[[ Collected material, beginning ]]
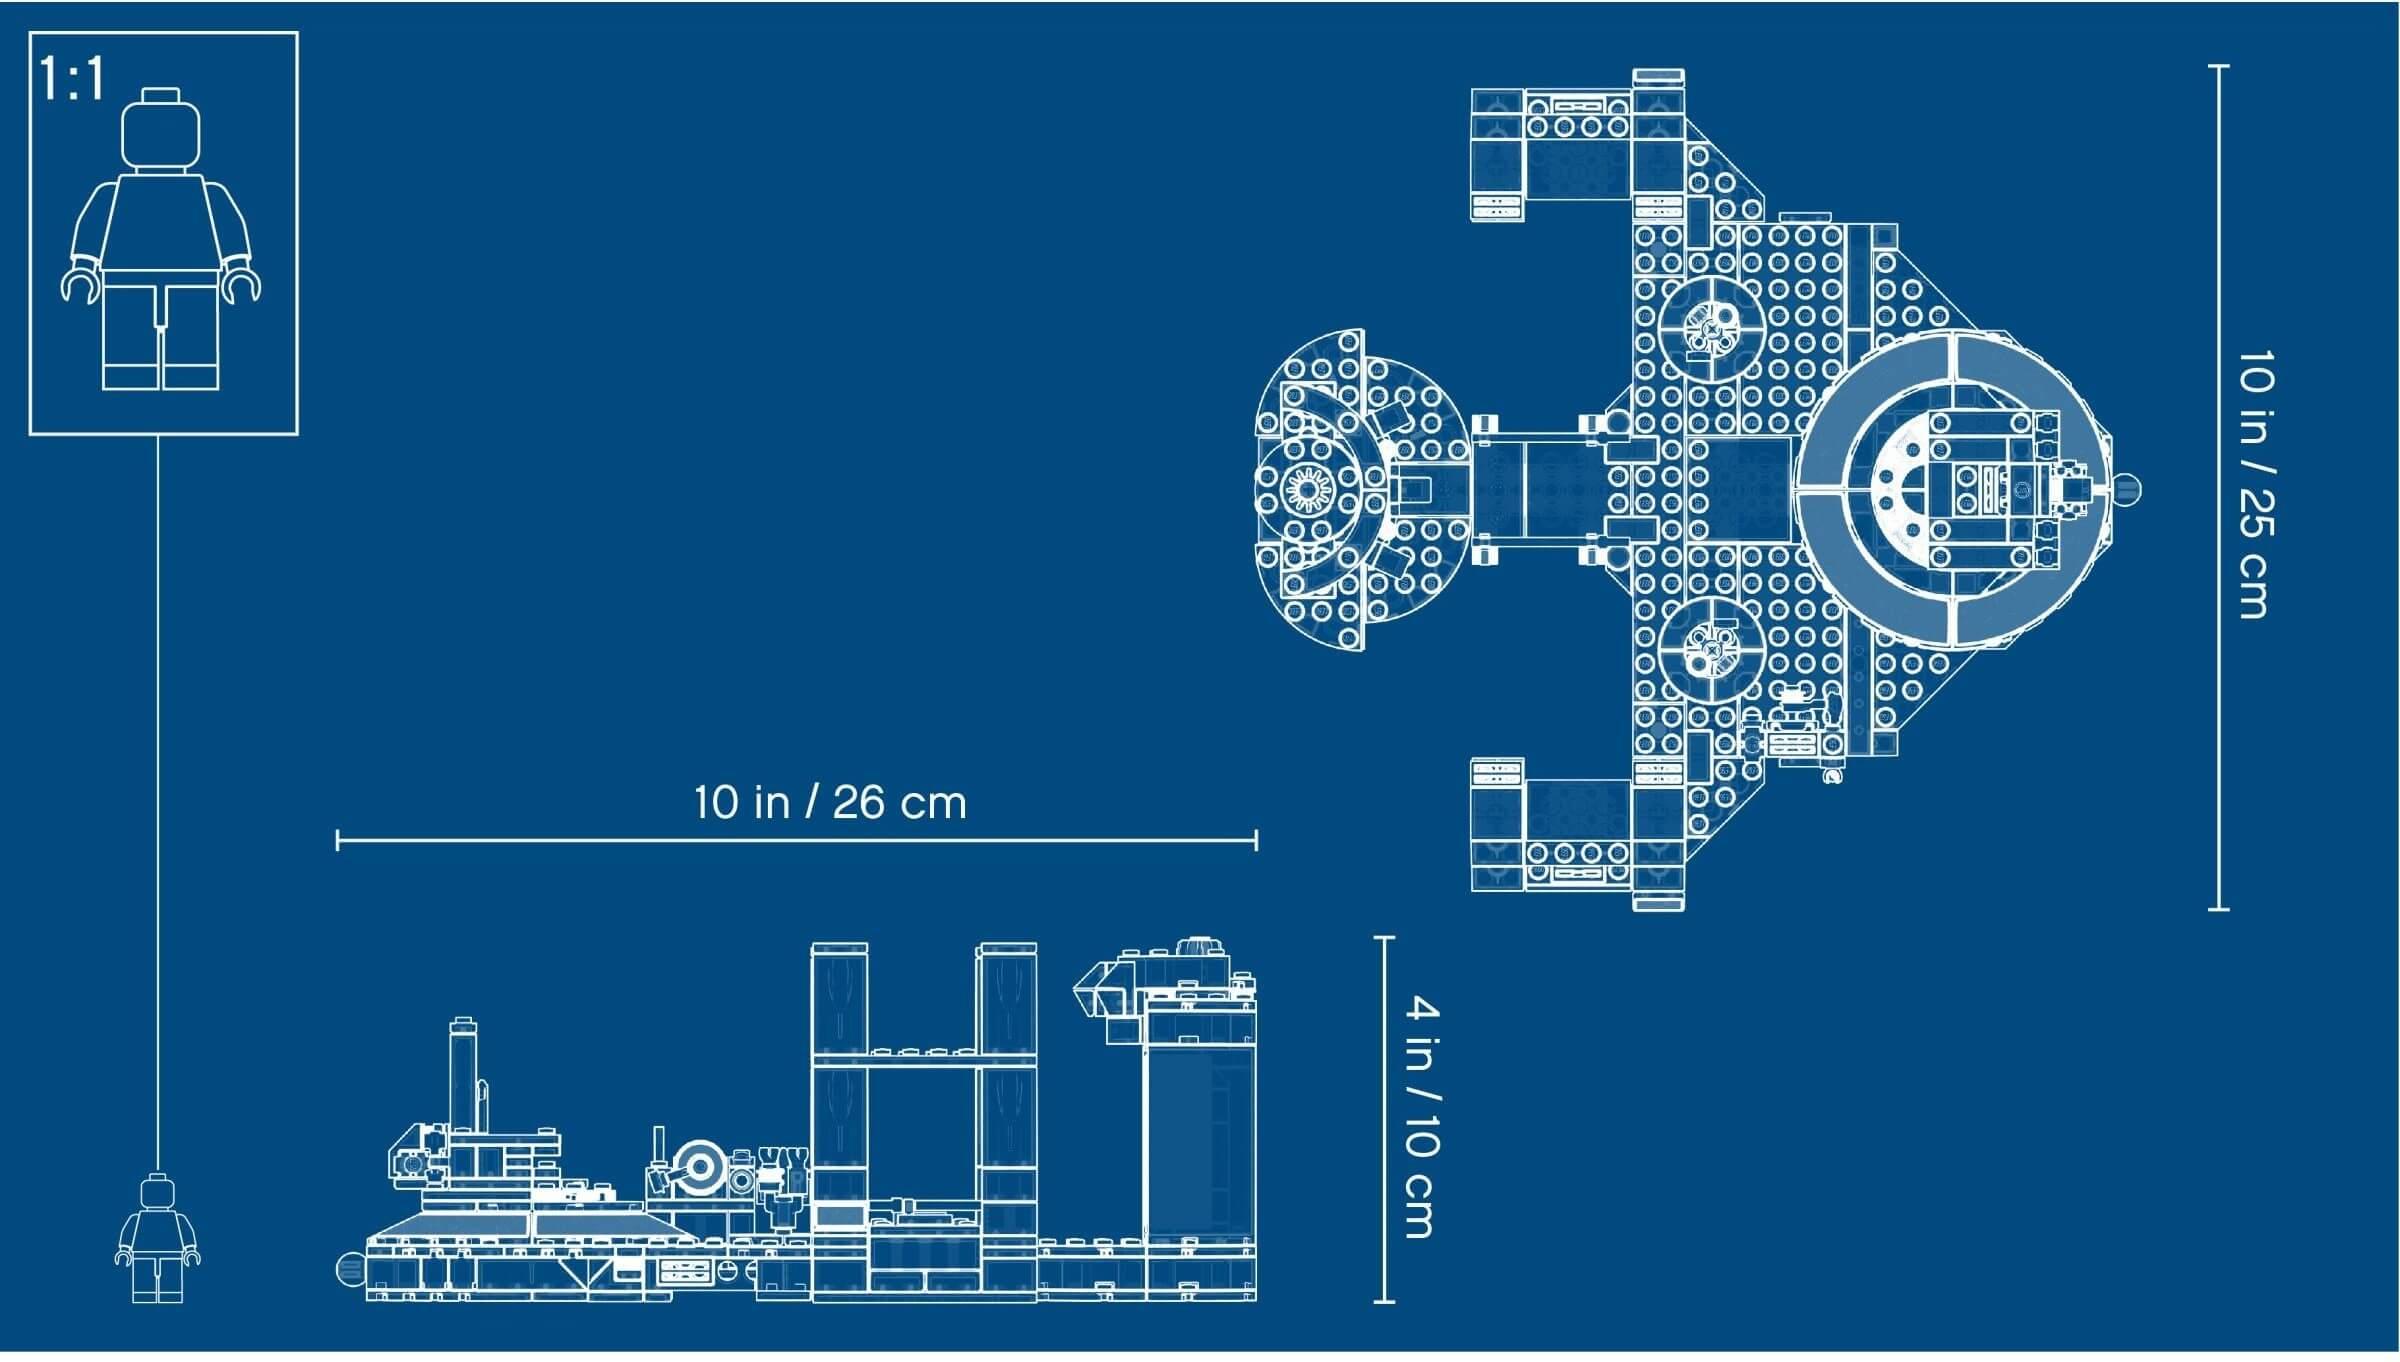 Mua đồ chơi LEGO 75216 - LEGO Star Wars 75216 - Căn phòng Hoàng Gia của Chúa Tể Snoke (LEGO 75216 Snoke's Throne Room)
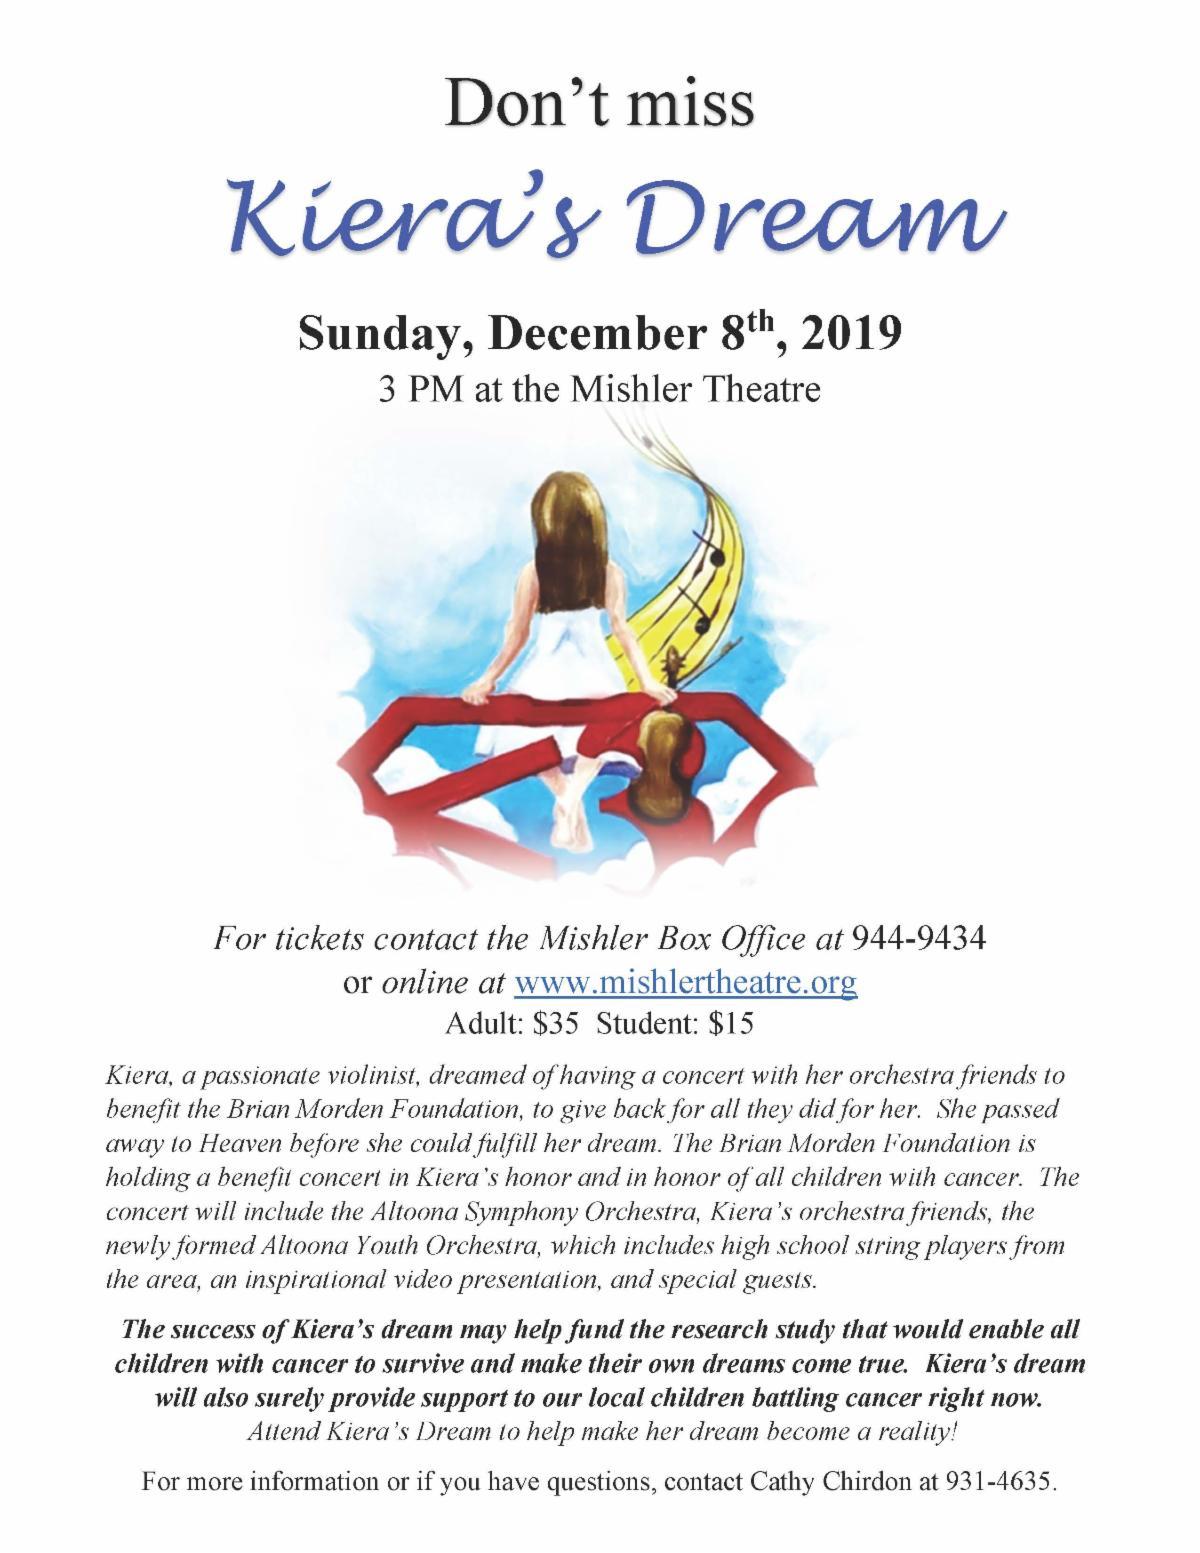 Kiera's Dream Concert
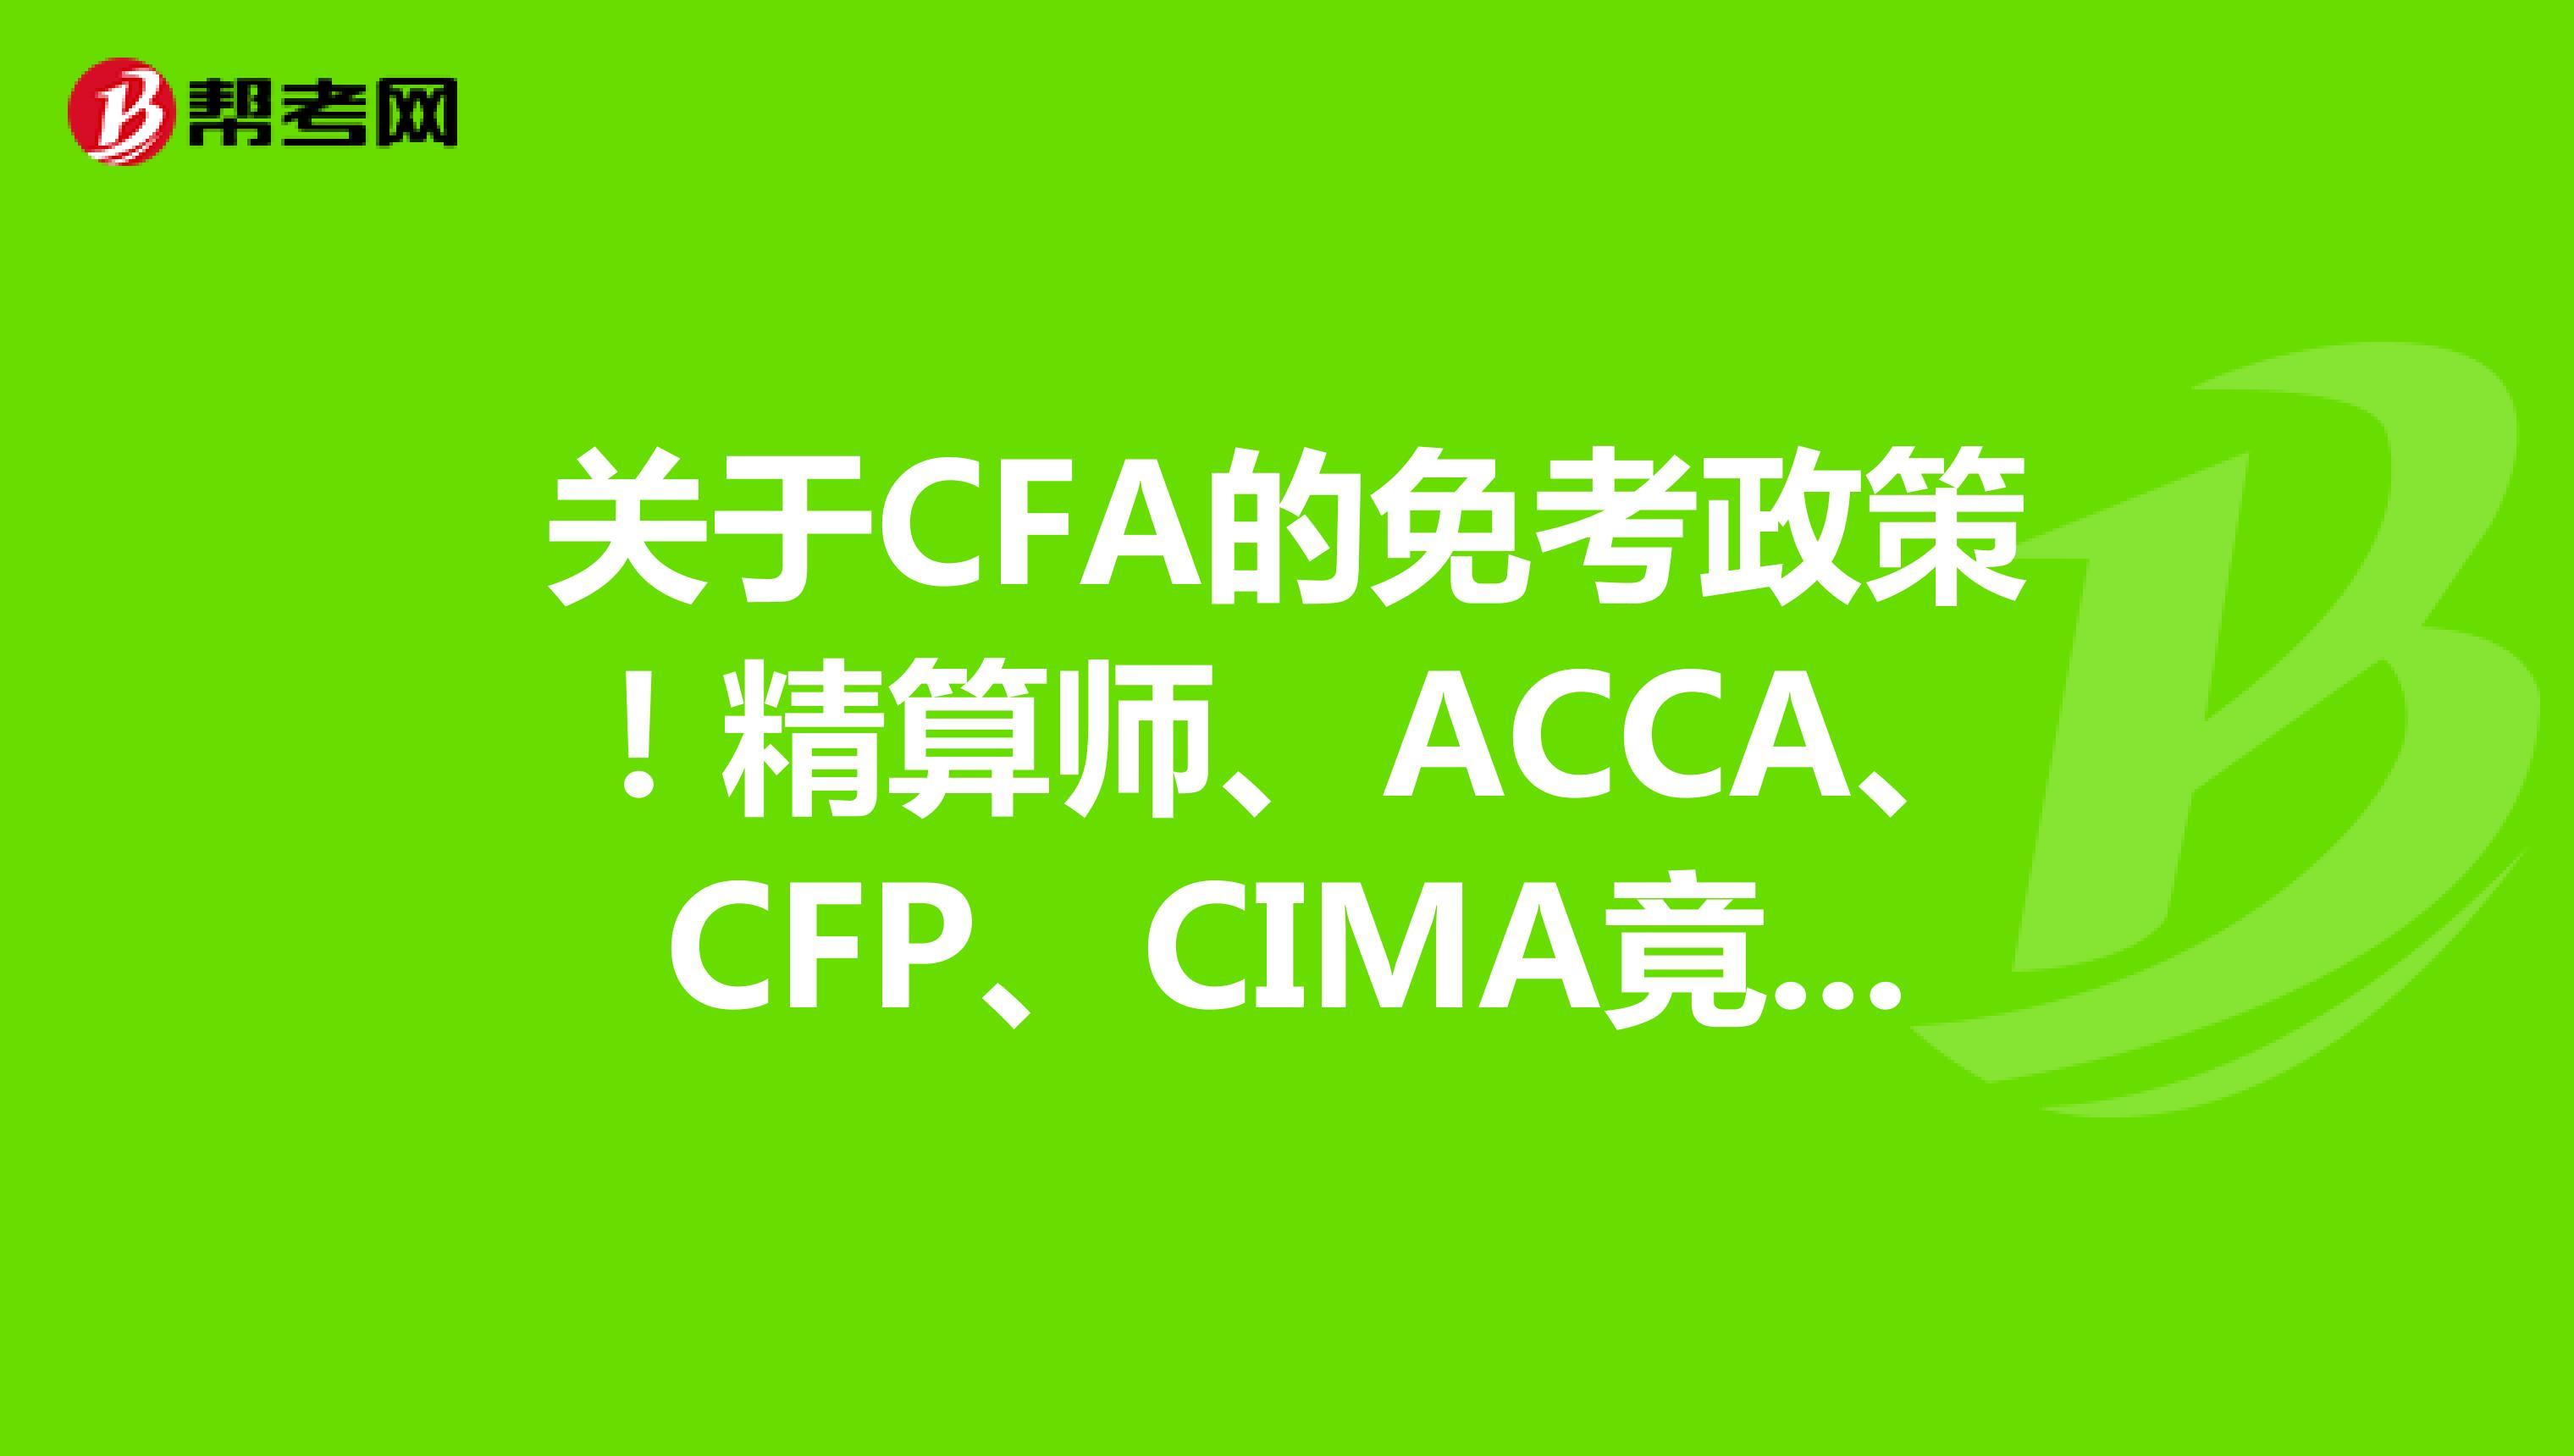 关于CFA的免考政策!精算师、ACCA、CFP、CIMA竟然都能免...
[[ Collected material, end ]]
▶ _Prompt_:
Would you please retype the material above exactly and leave out each picture?

▶ _Result of the task_:
 Mua đồ chơi LEGO 75216 - LEGO Star Wars 75216 - Căn phòng Hoàng Gia của Chúa Tể Snoke (LEGO 75216 Snoke's Throne Room)
 Kiera's Dream Concert
 关于CFA的免考政策!精算师、ACCA、CFP、CIMA竟然都能免...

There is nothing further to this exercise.